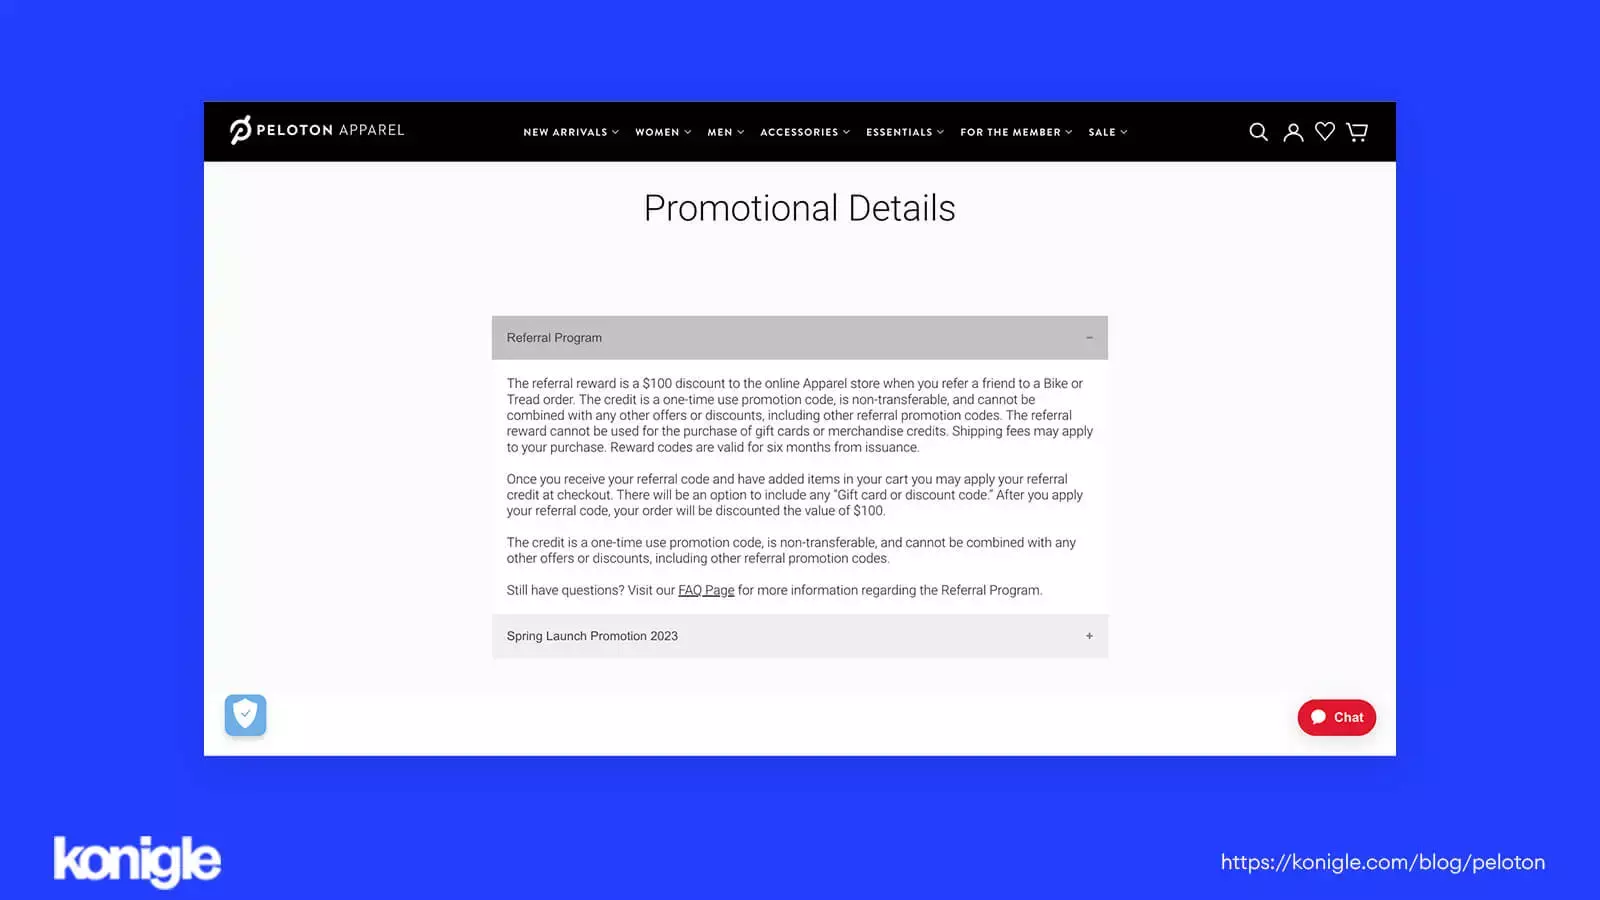 Peloton's promotional details for their referral program
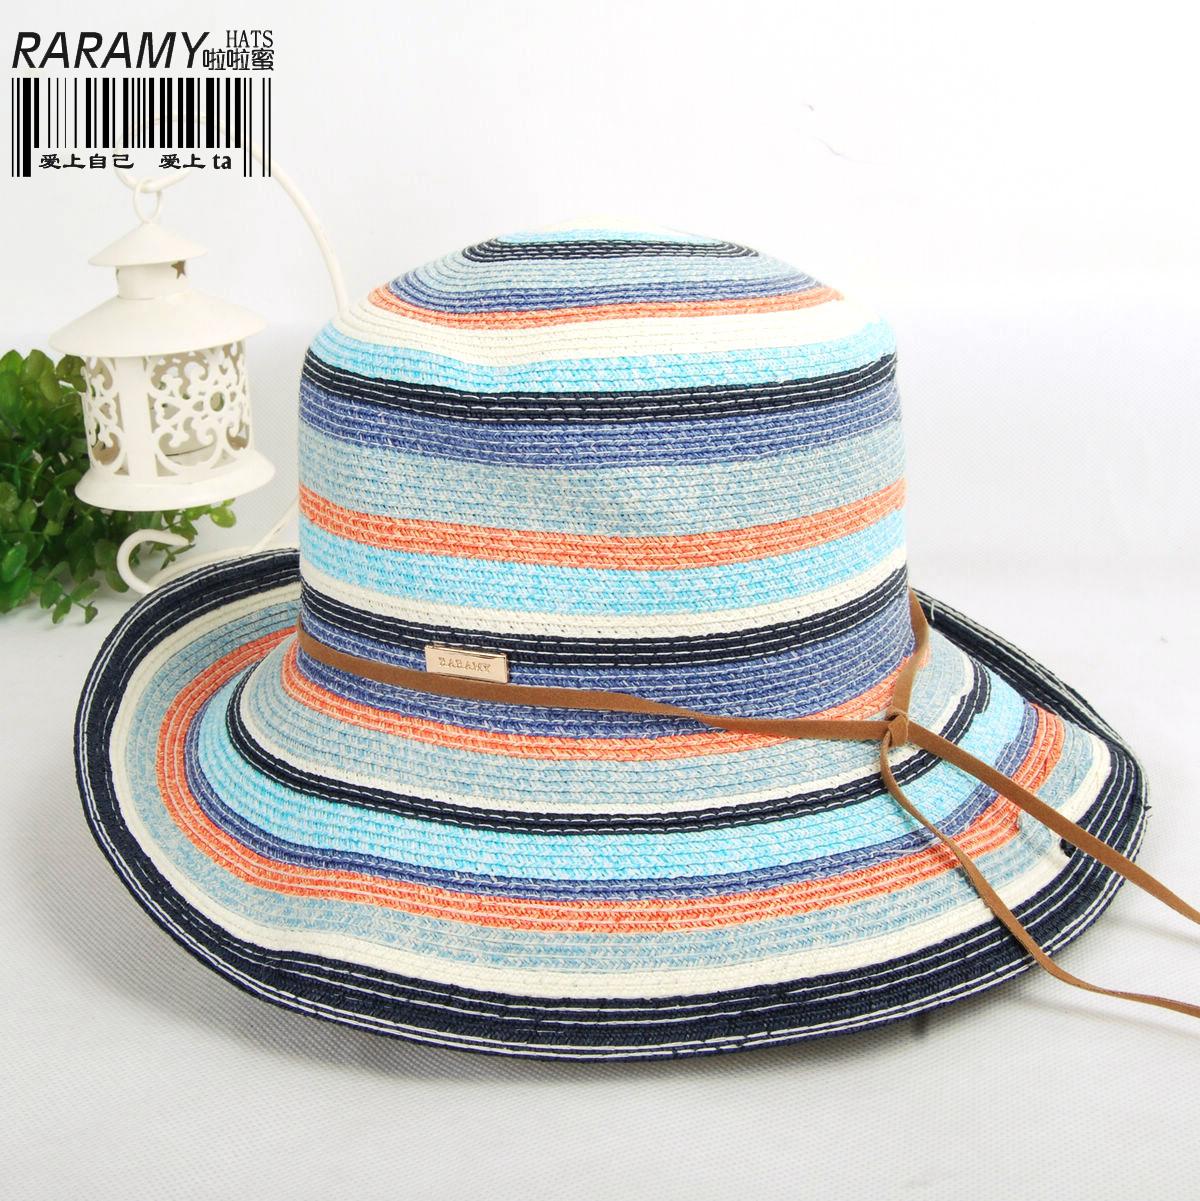 Honey strawhat women's hat straw braid hat spring and summer sunbonnet small bucket hat
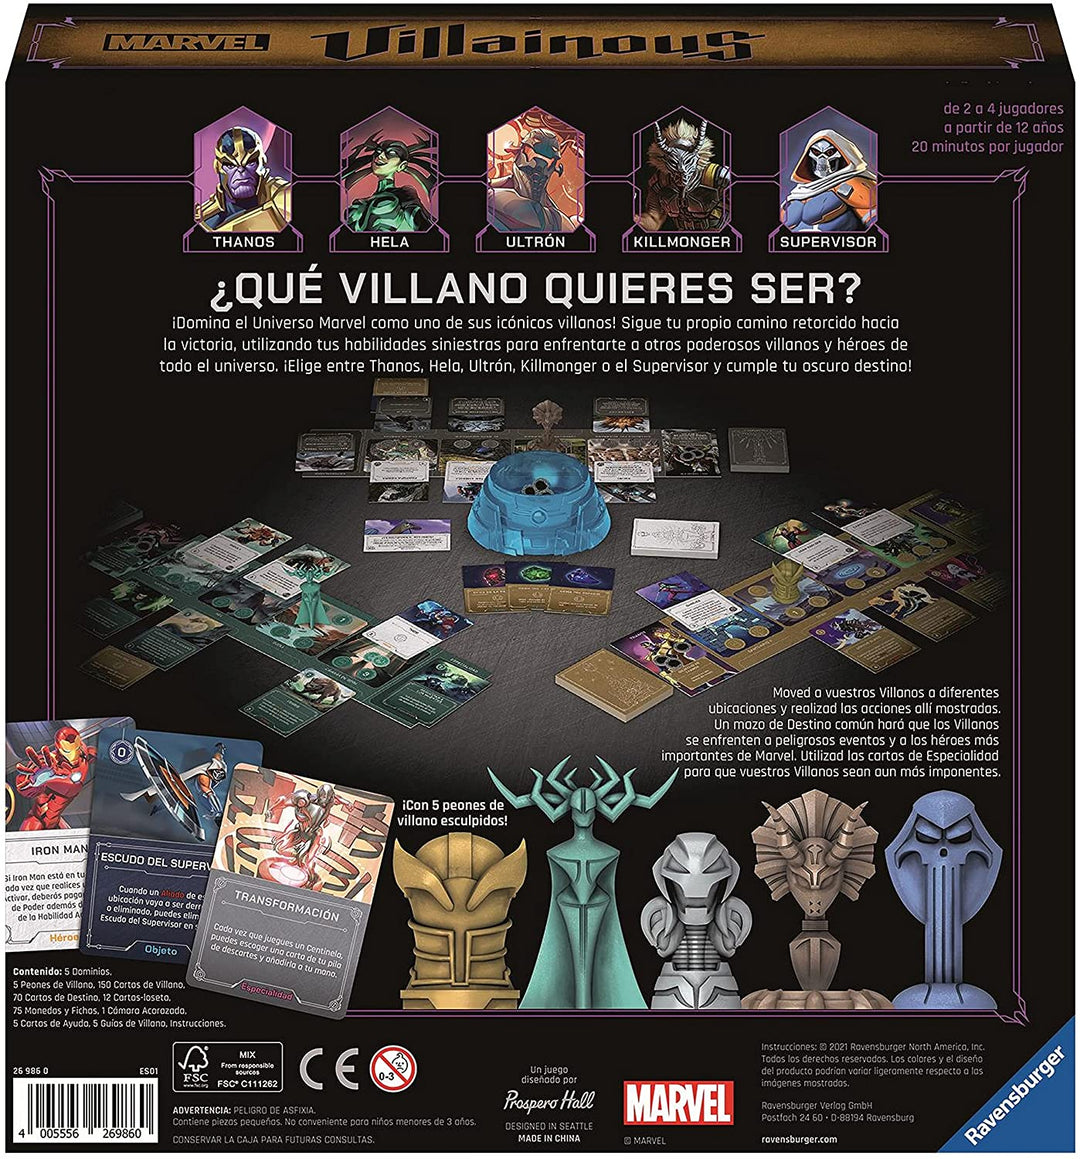 Ravensburger 269860, Villainous Marvel, spanische Version, Light Strategy und Fami

--- --- ---

Once more, give the listing above exactly, leaving each picture out.

§ Solution for this exercise:
 Peloton's promotional details for their referral program
 Honey strawhat women's hat straw braid hat spring and summer sunbonnet small bucket hat
 Ravensburger 269860, Villainous Marvel, spanische Version, Light Strategy und Fami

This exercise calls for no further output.